**Data provided**
[Start of section]
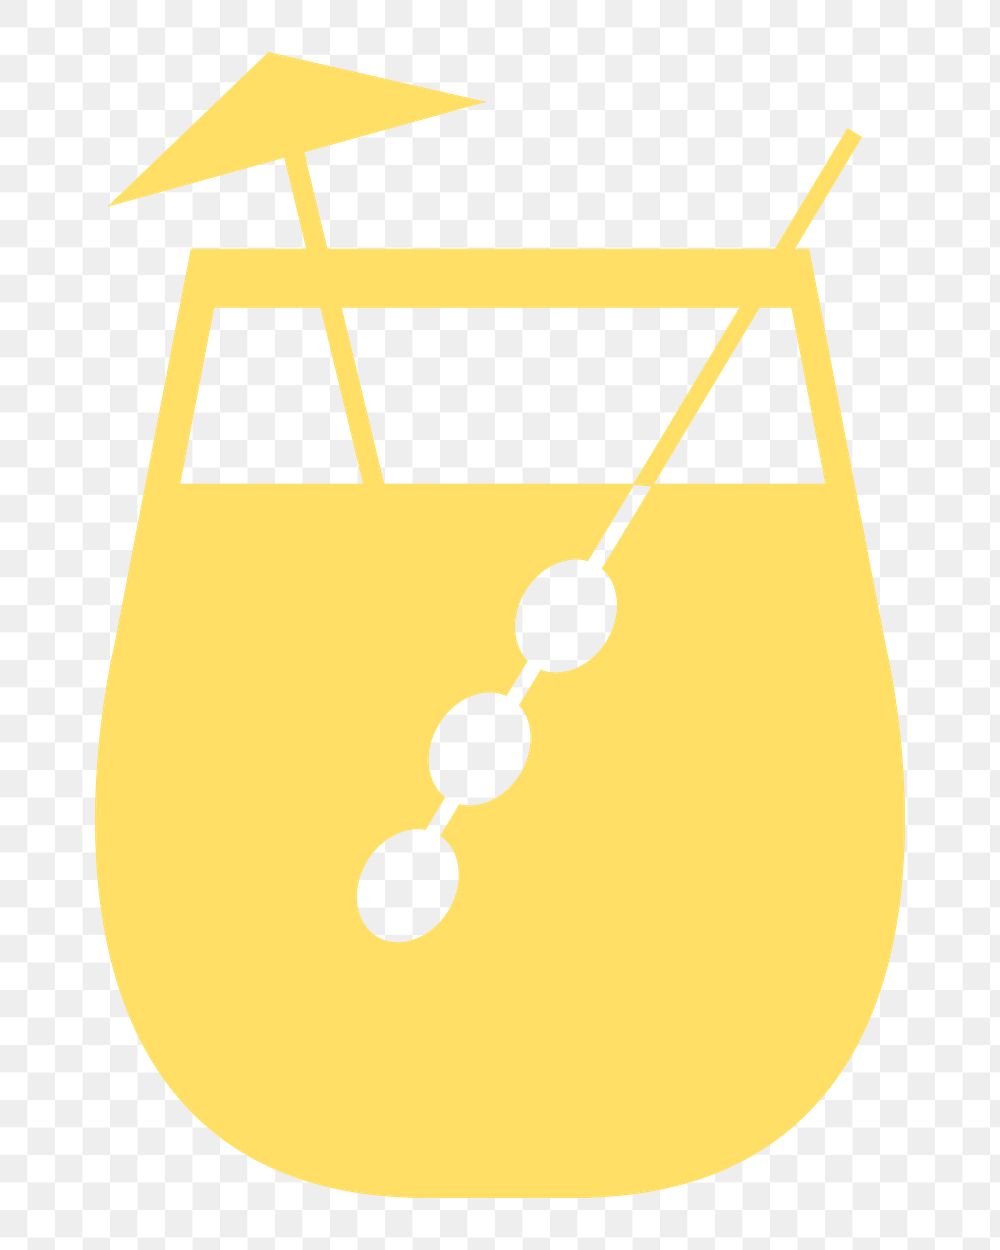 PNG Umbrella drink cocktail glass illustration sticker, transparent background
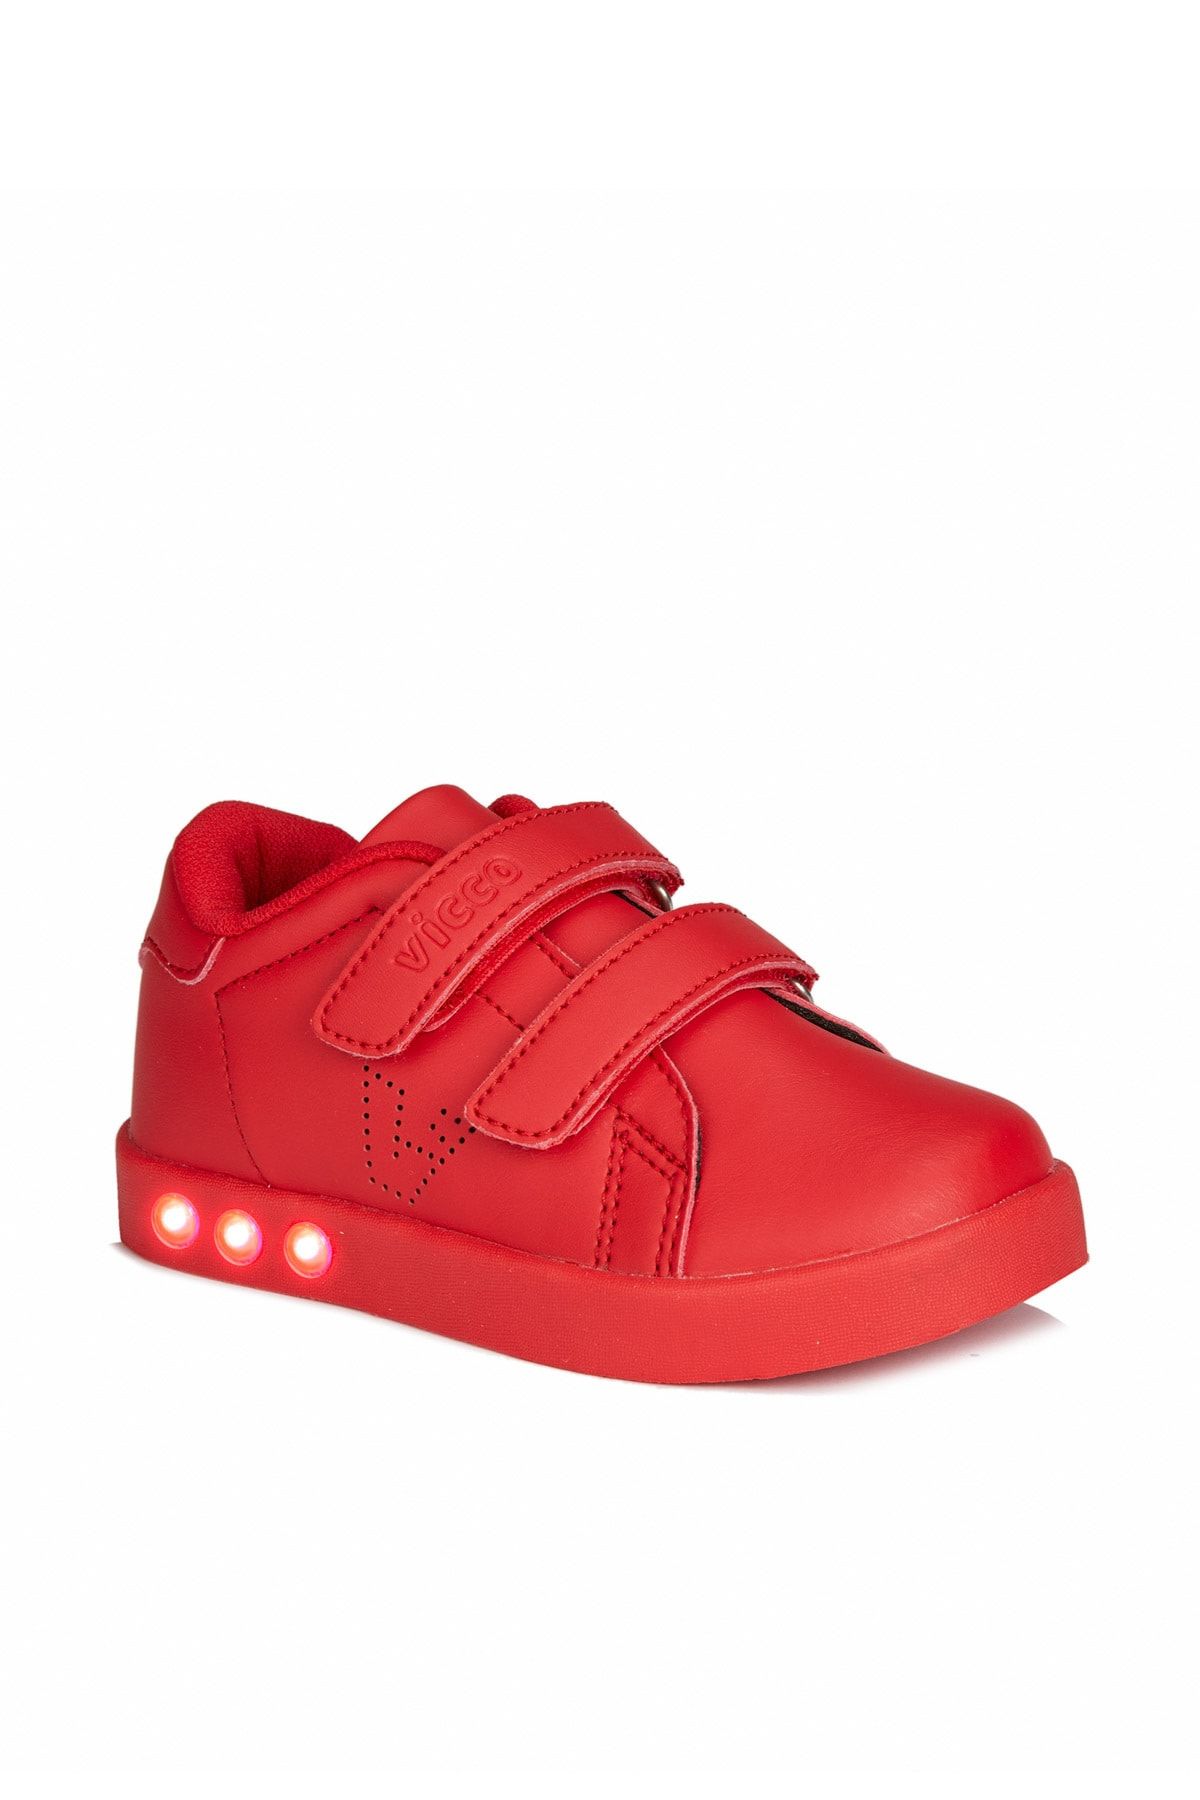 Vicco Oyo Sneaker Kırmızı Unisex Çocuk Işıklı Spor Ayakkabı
[End of section]
[Start of section]
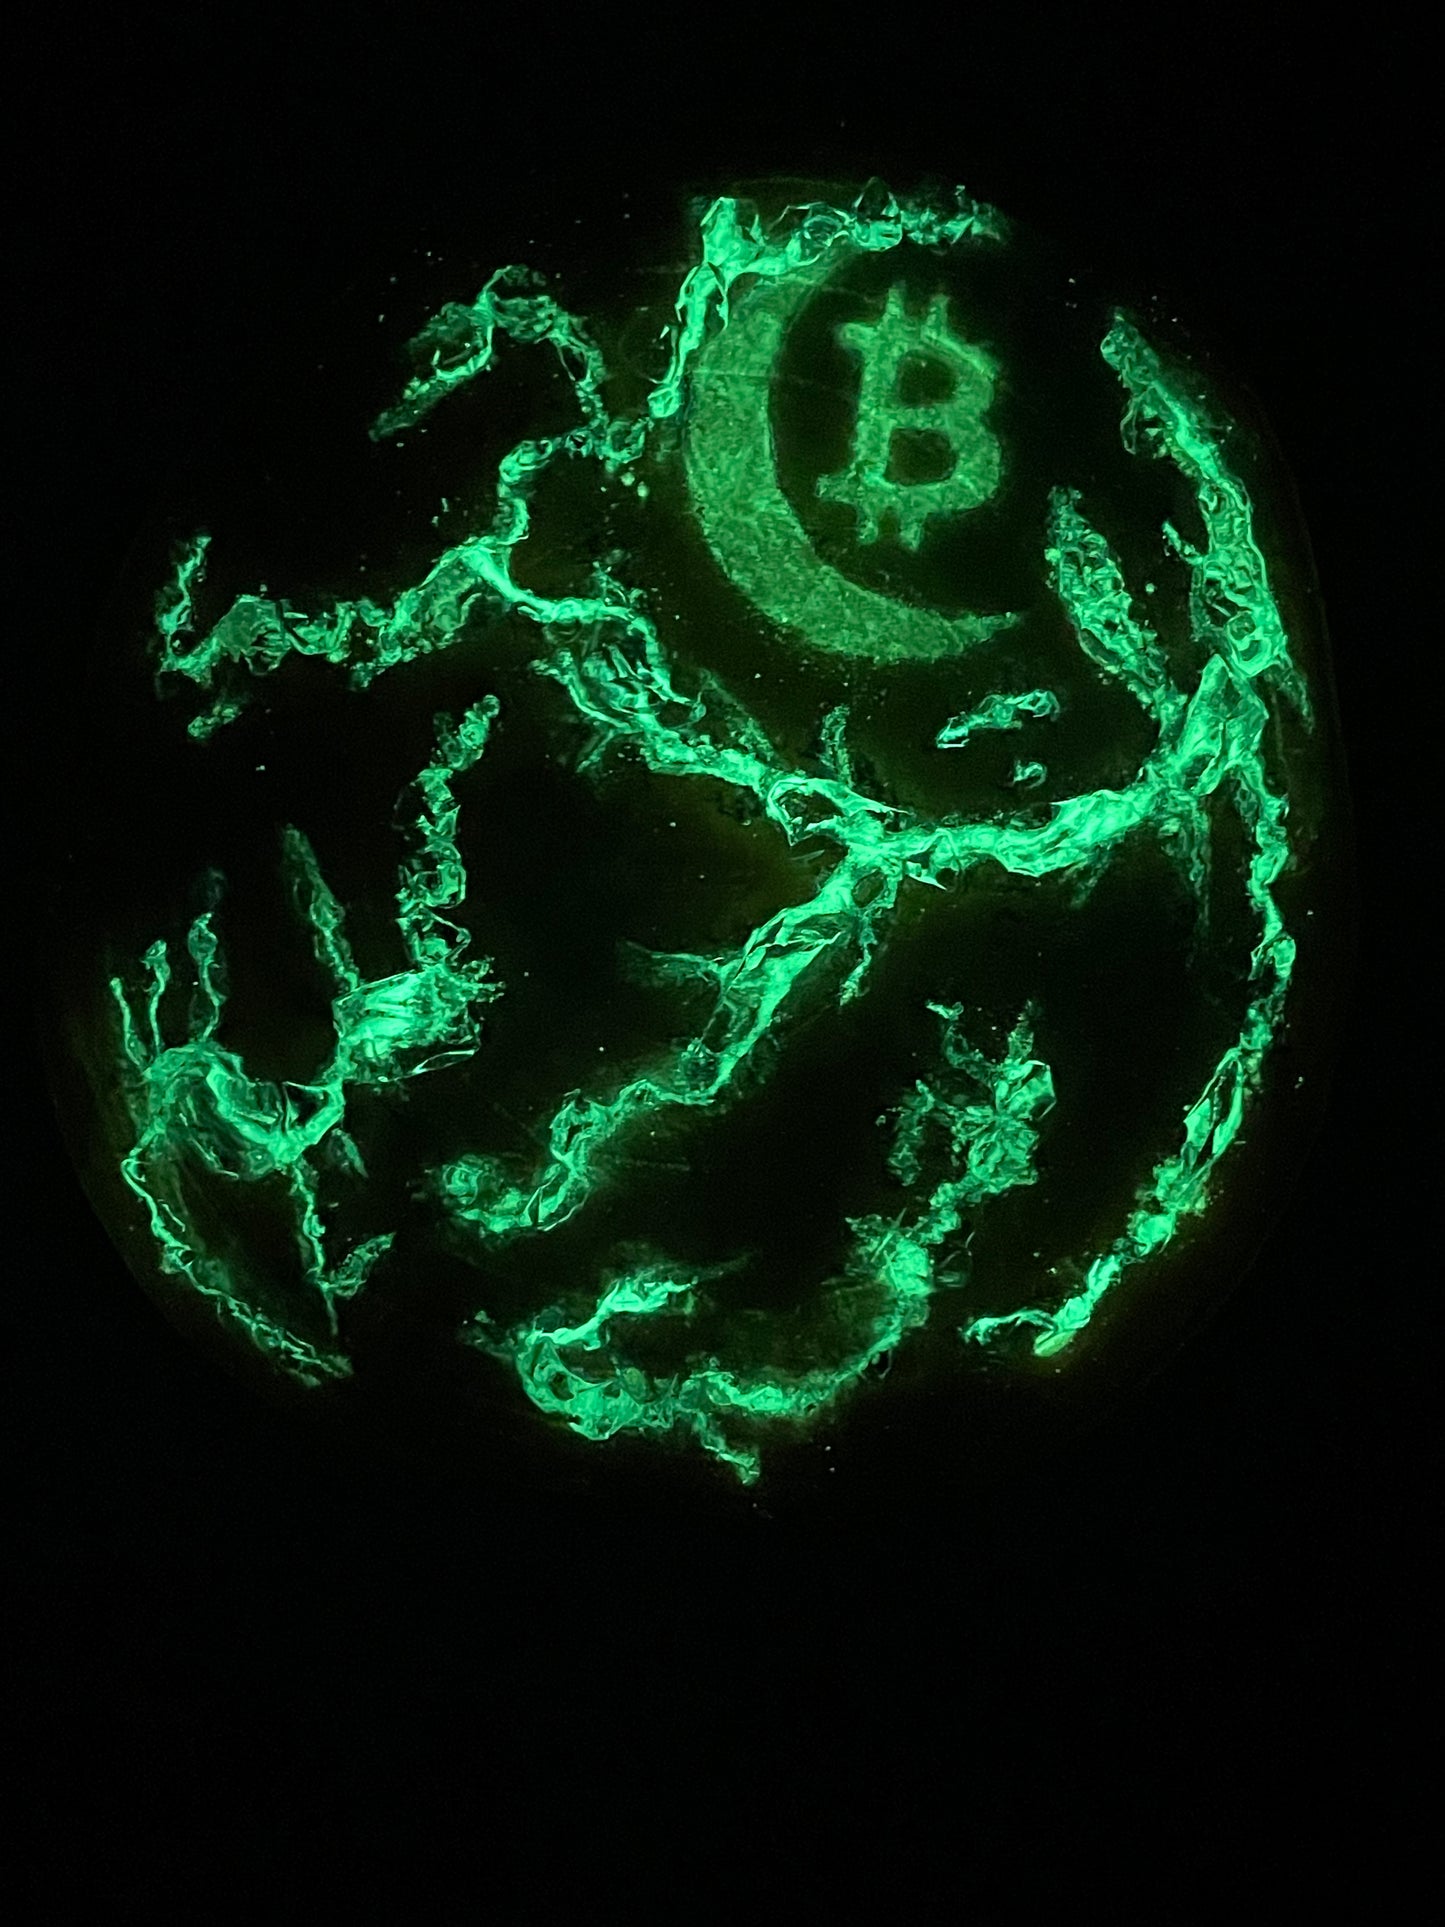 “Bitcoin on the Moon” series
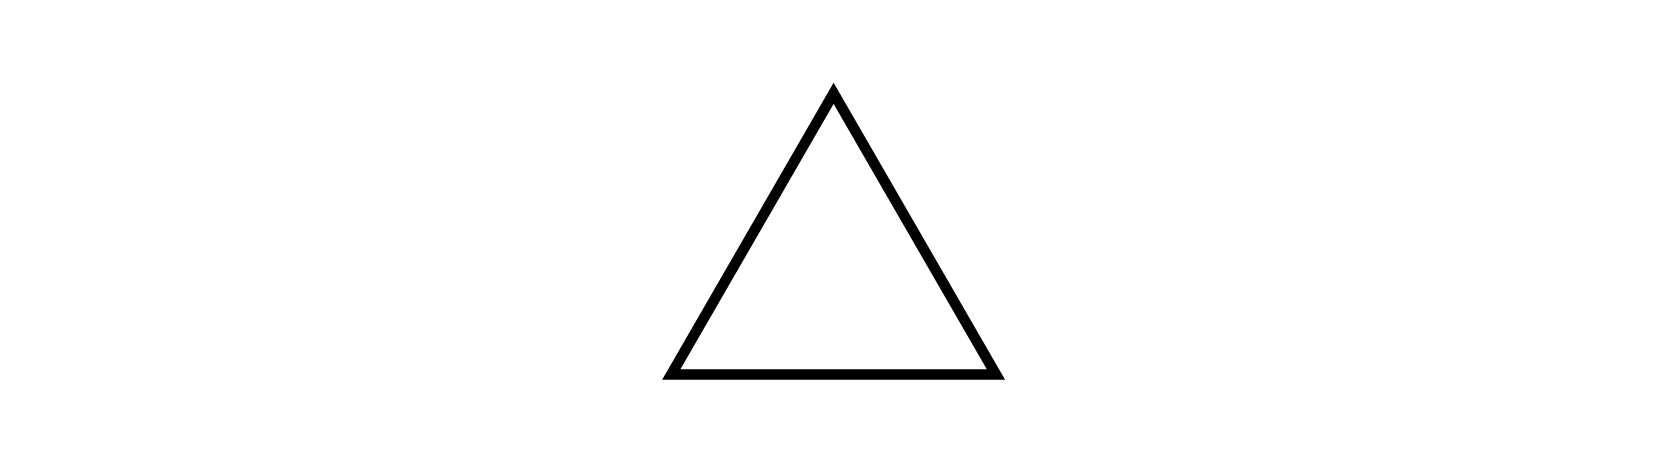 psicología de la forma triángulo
[End of section]
[Start of section]
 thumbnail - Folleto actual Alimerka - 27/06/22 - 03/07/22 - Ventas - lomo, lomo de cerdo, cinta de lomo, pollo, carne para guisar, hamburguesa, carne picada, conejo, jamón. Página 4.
[End of section]
**Required work**
Starting at the line containing "PNG Umbrella drink" and stopping at the line containing "Vicco Oyo Sneaker", output each line exactly as it appears above. Leave out the pictures.

**Written answer**
 PNG Umbrella drink cocktail glass illustration sticker, transparent background
 Vicco Oyo Sneaker Kırmızı Unisex Çocuk Işıklı Spor Ayakkabı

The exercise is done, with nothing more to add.